**SUPPLIED DATA**
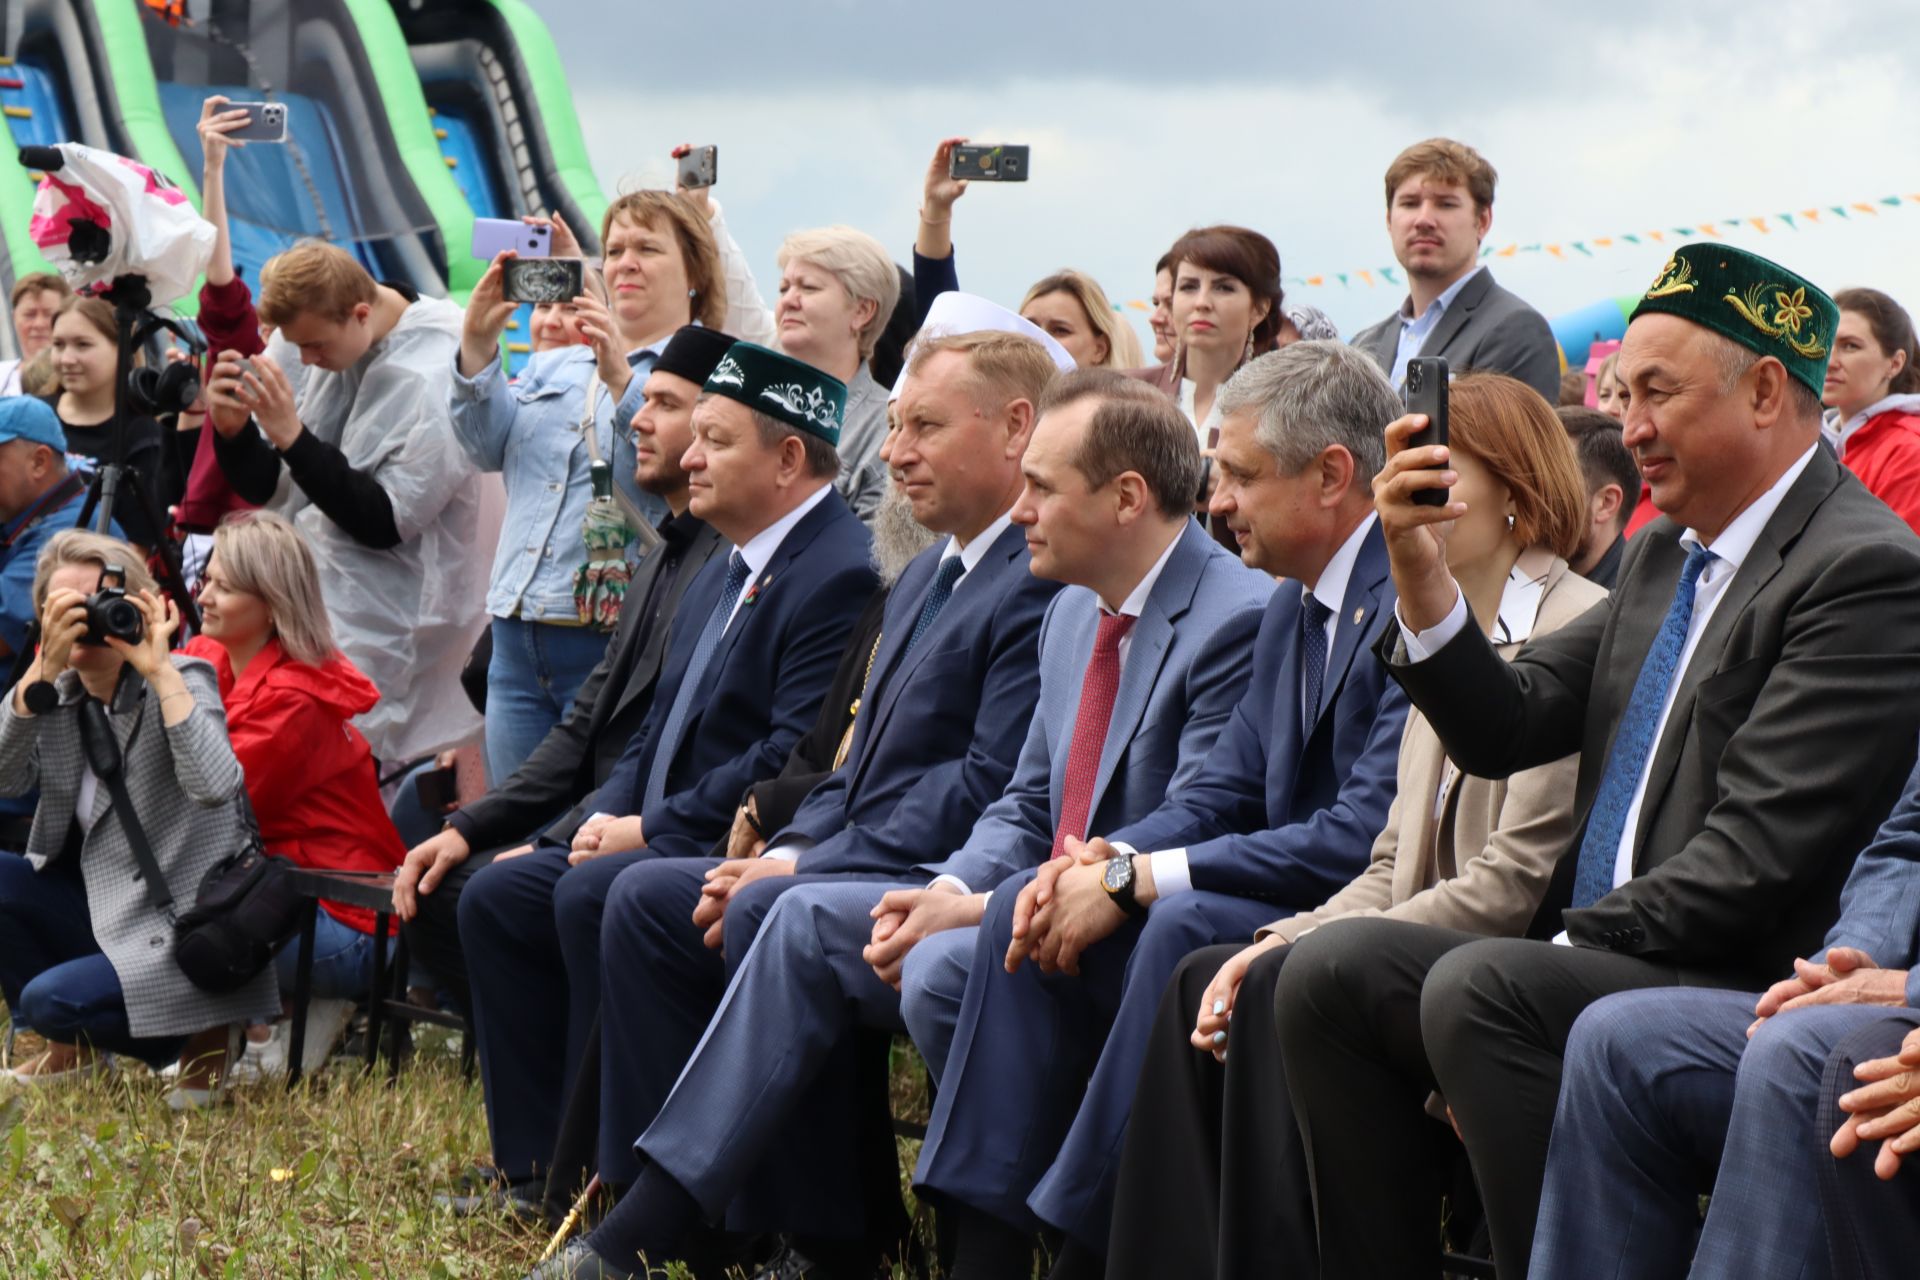 Нурлатский район достойно представил Татарстан на республиканском Сабантуе в Мордовии
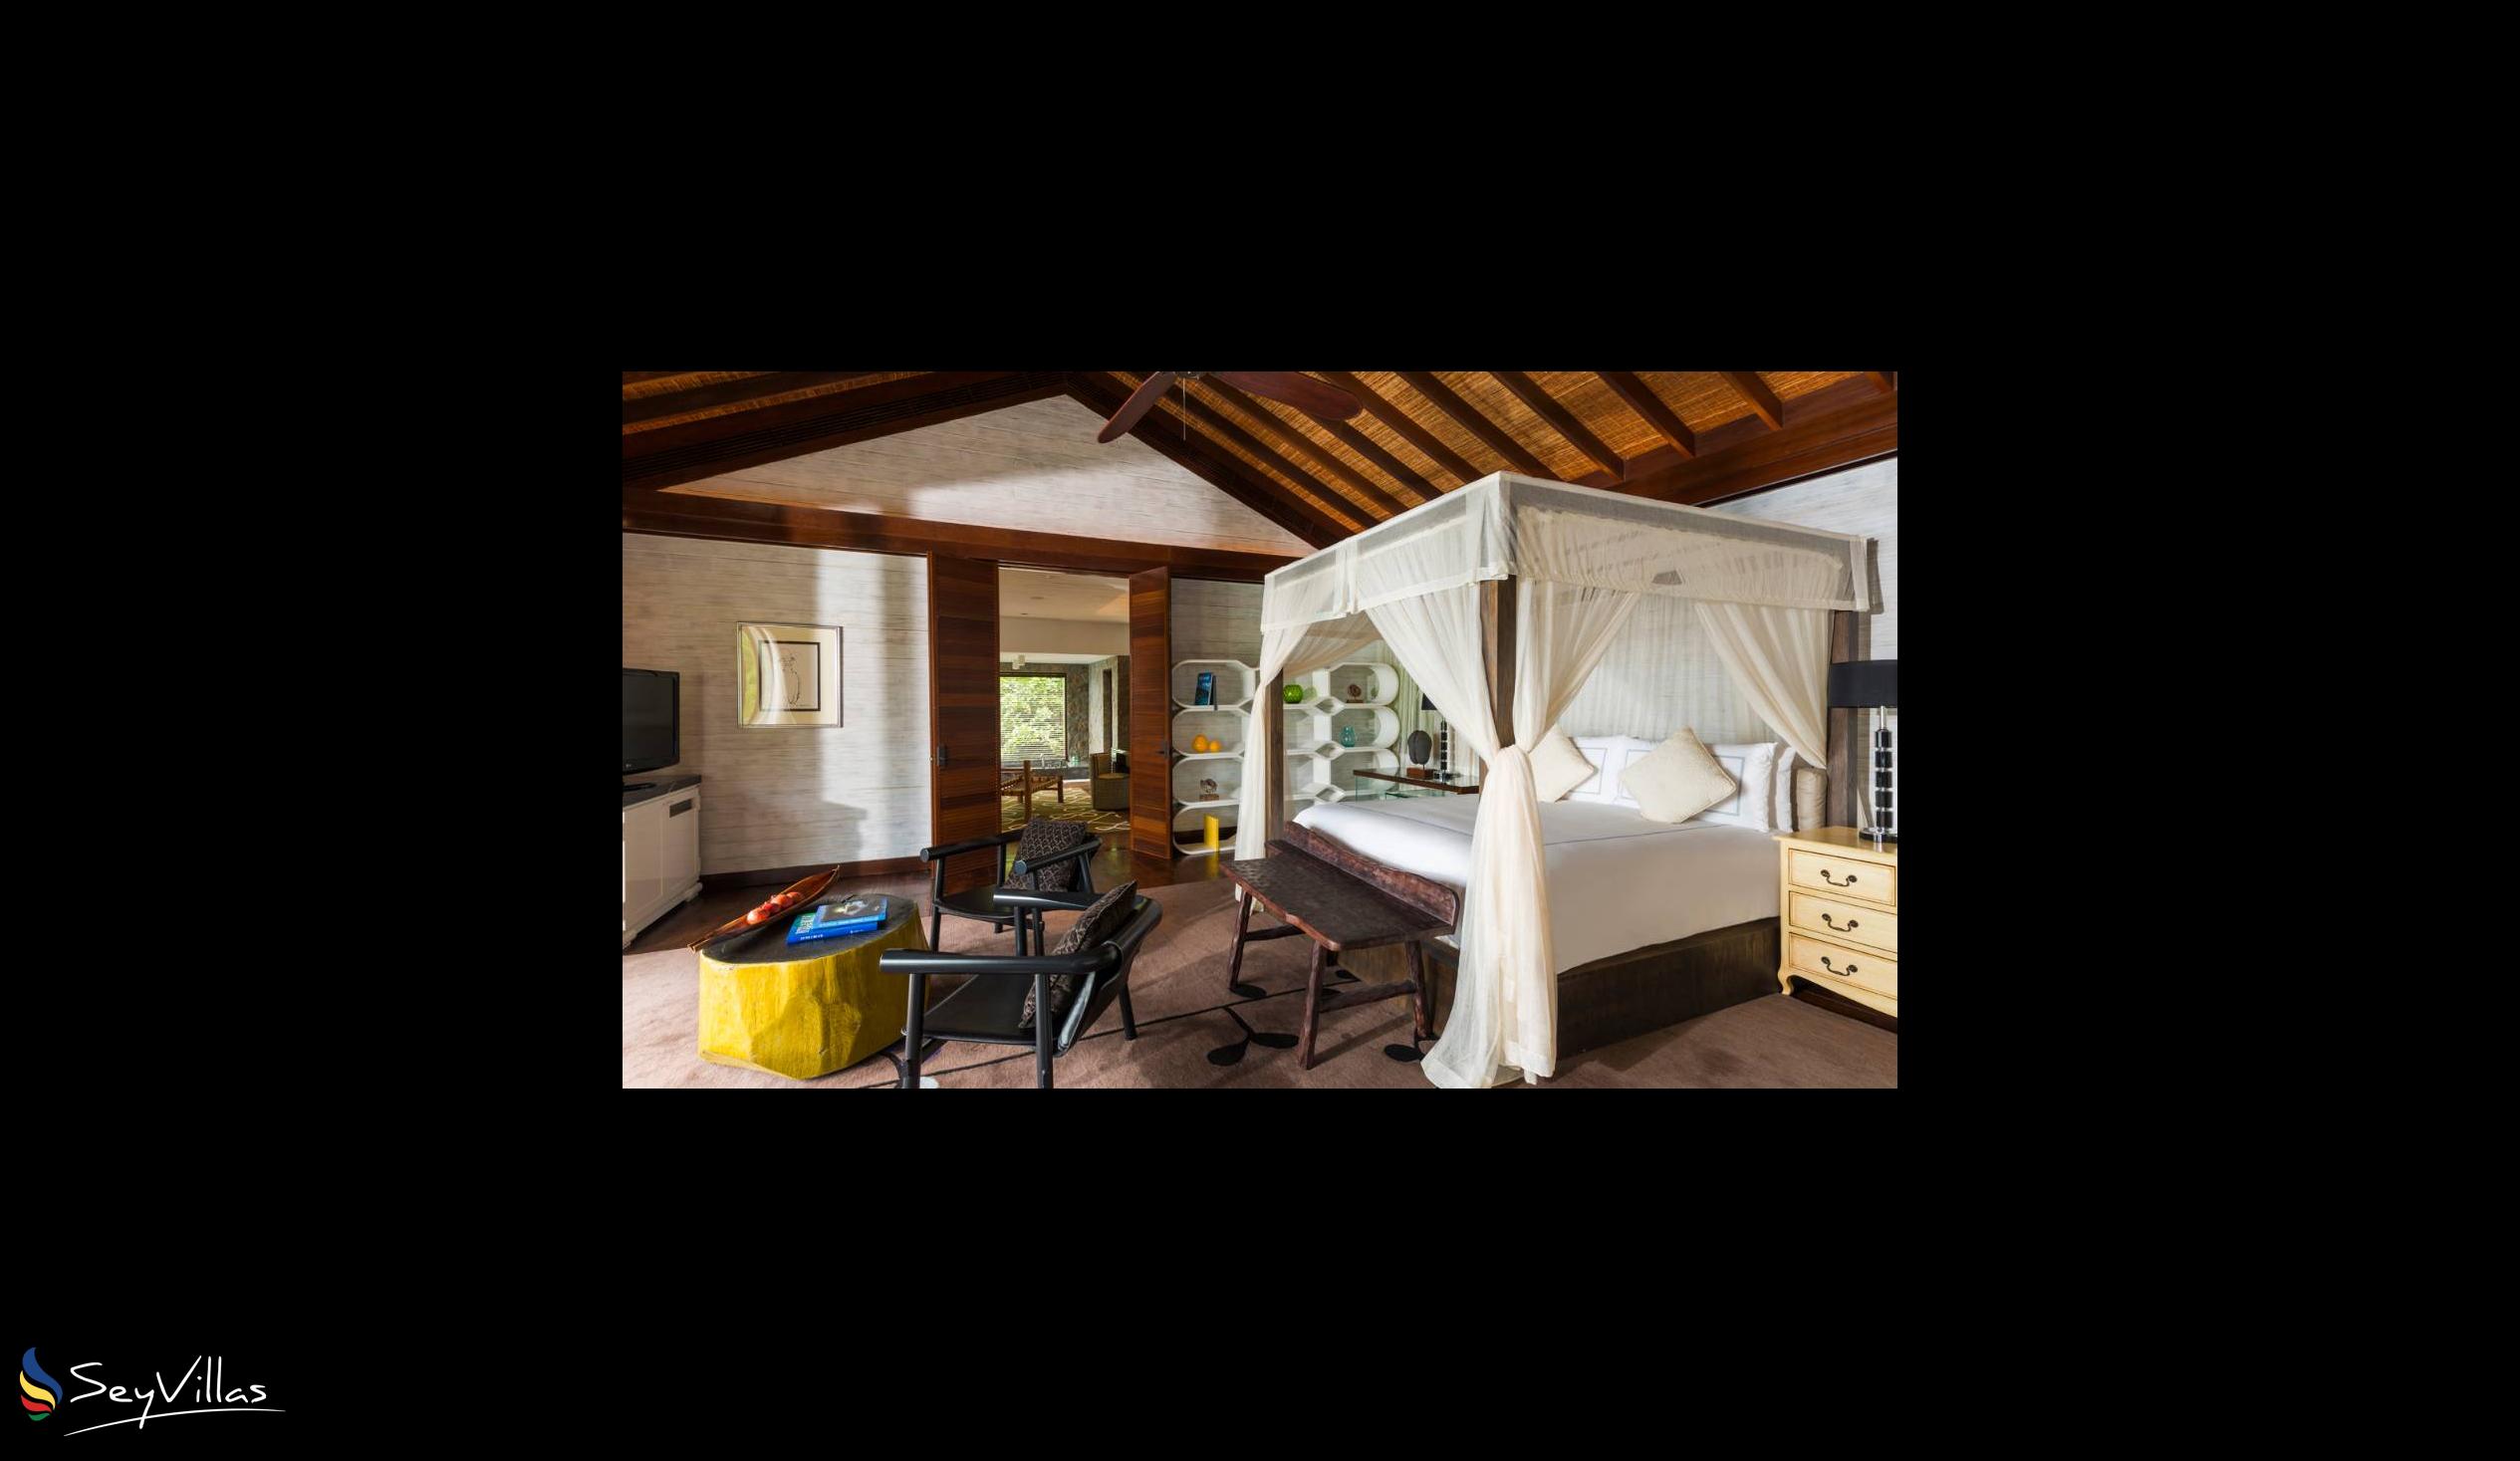 Foto 65: Four Seasons Resort - 4-Bedroom Residence Villa - Mahé (Seychelles)
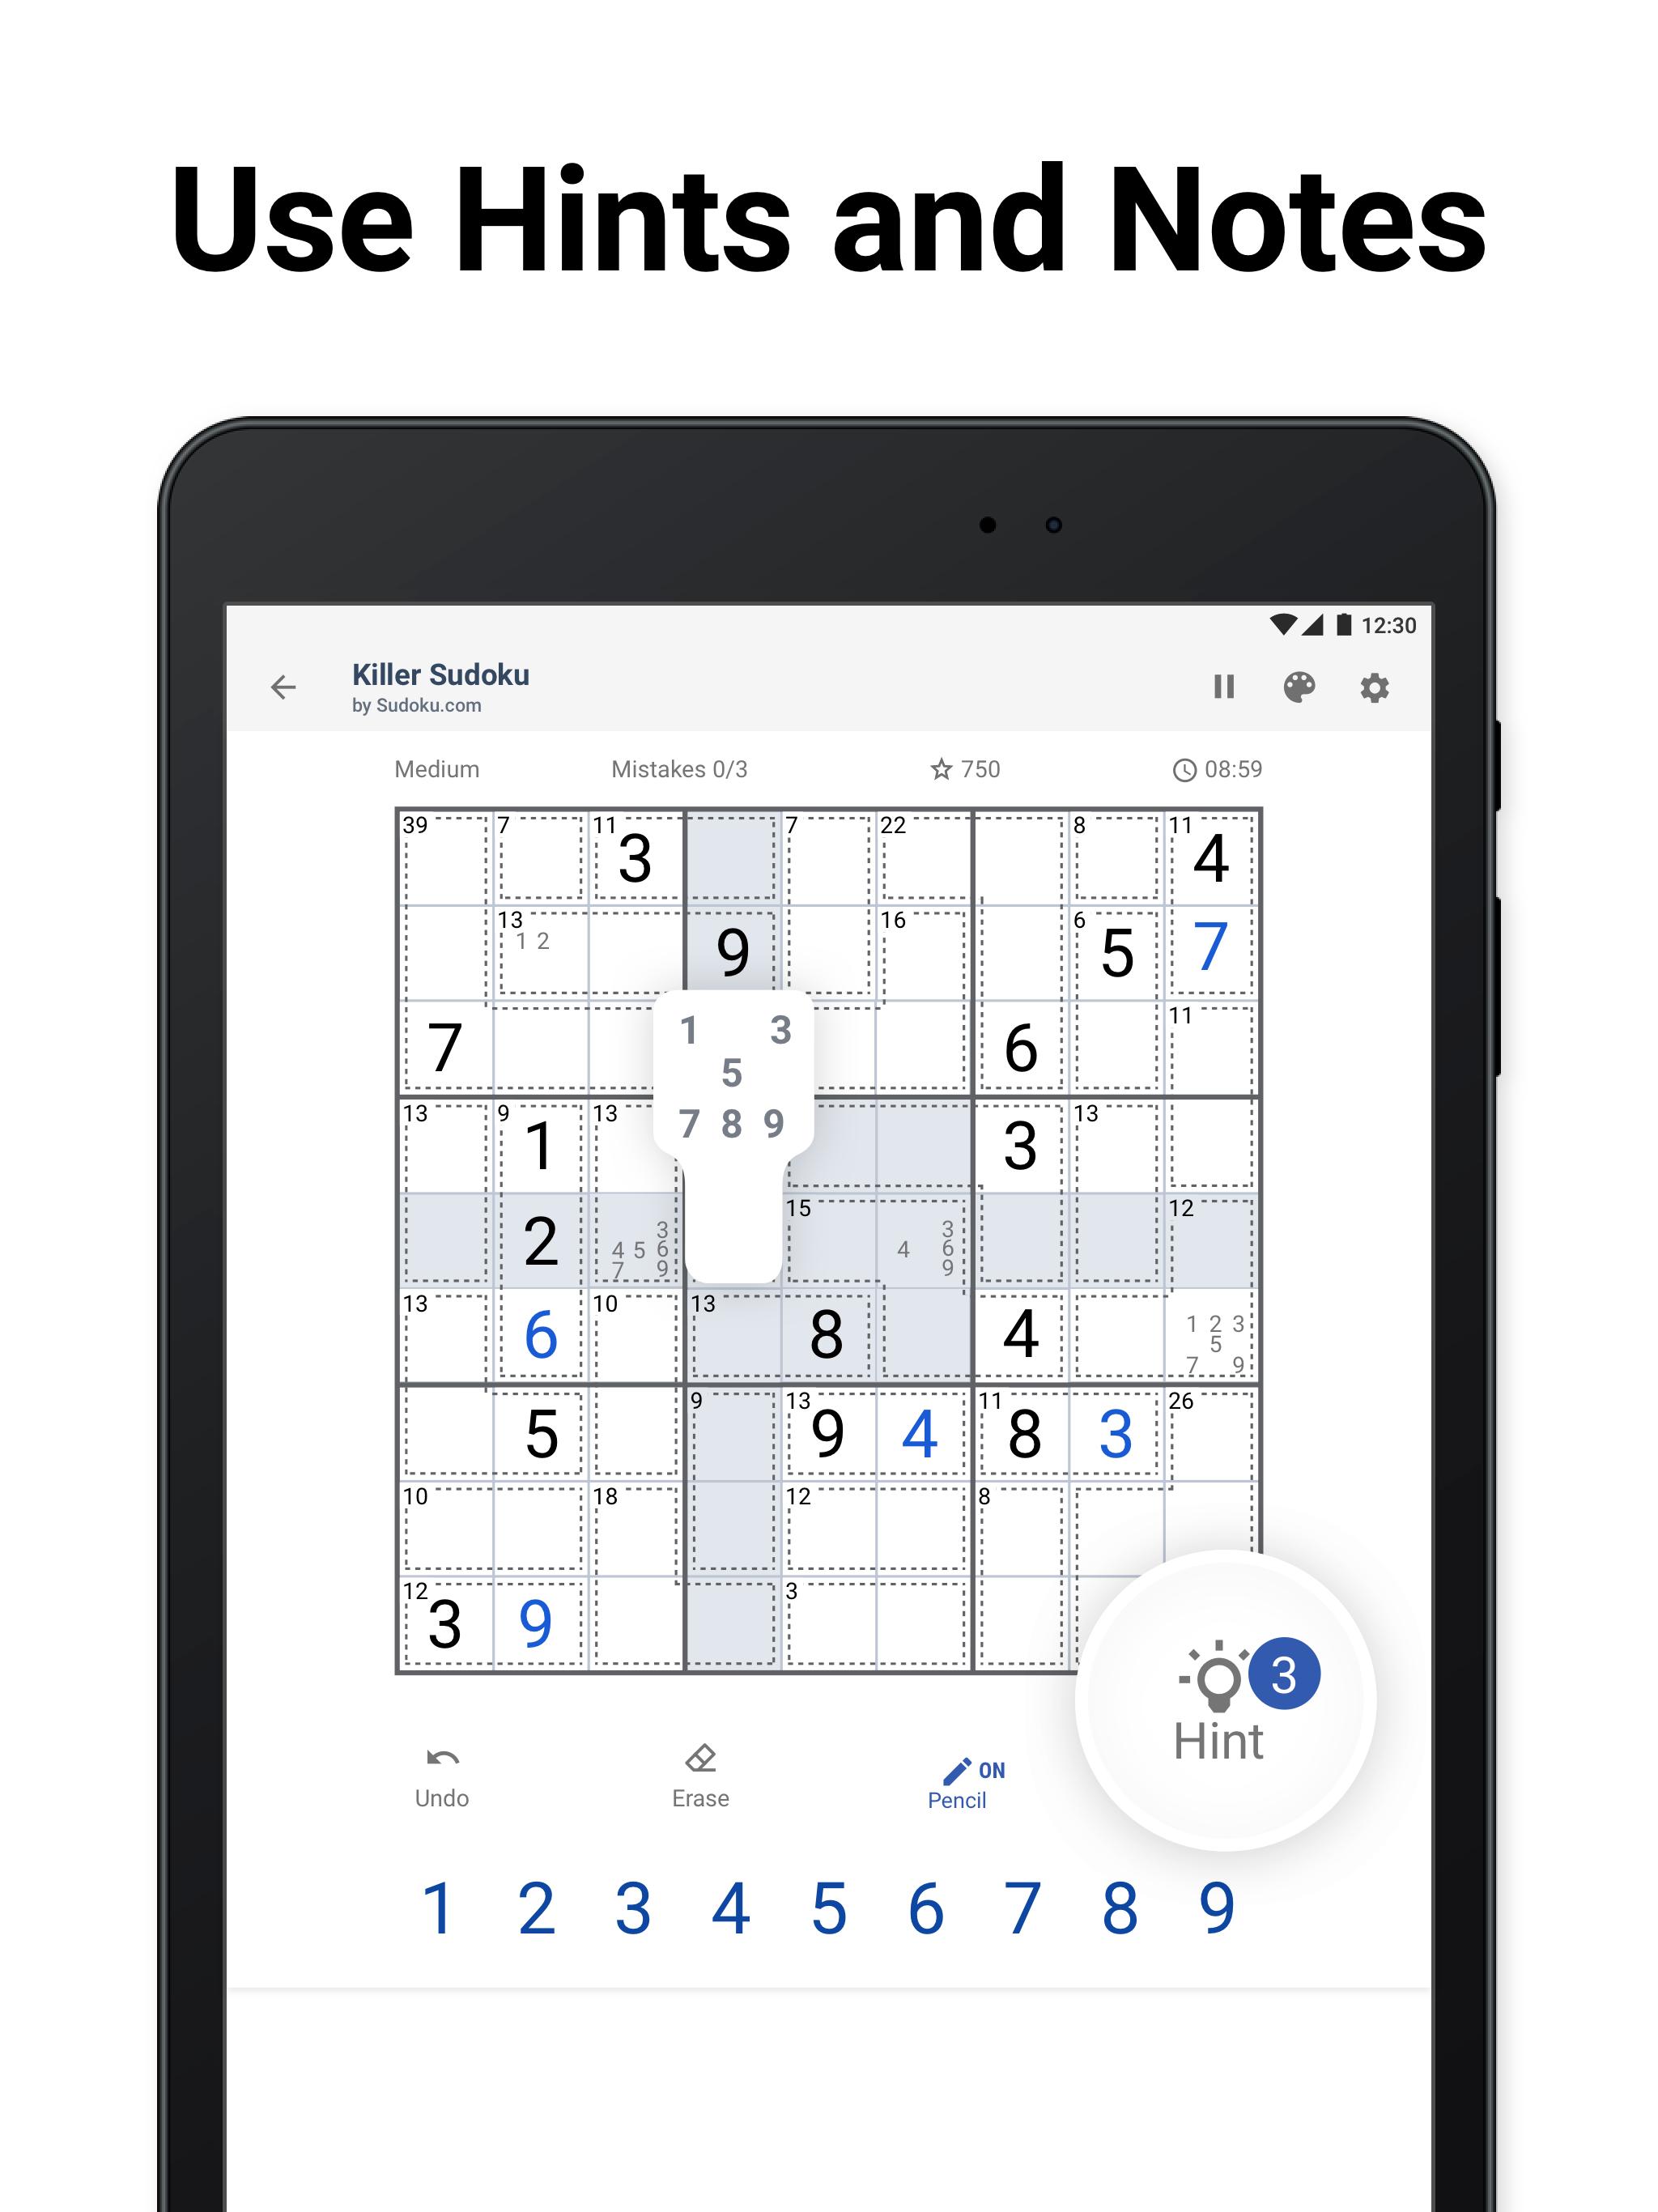 Killer Sudoku by Sudoku.com - Free Logic Puzzles 1.2.1 Screenshot 15

**WHAT TO PRODUCE**
A word-for-word restatement of all the lines above is needed, with the pictures omitted.

**PROBLEM SOLUTION**
 Нурлатский район достойно представил Татарстан на республиканском Сабантуе в Мордовии
 Foto 65: Four Seasons Resort - 4-Bedroom Residence Villa - Mahé (Seychelles)
 Killer Sudoku by Sudoku.com - Free Logic Puzzles 1.2.1 Screenshot 15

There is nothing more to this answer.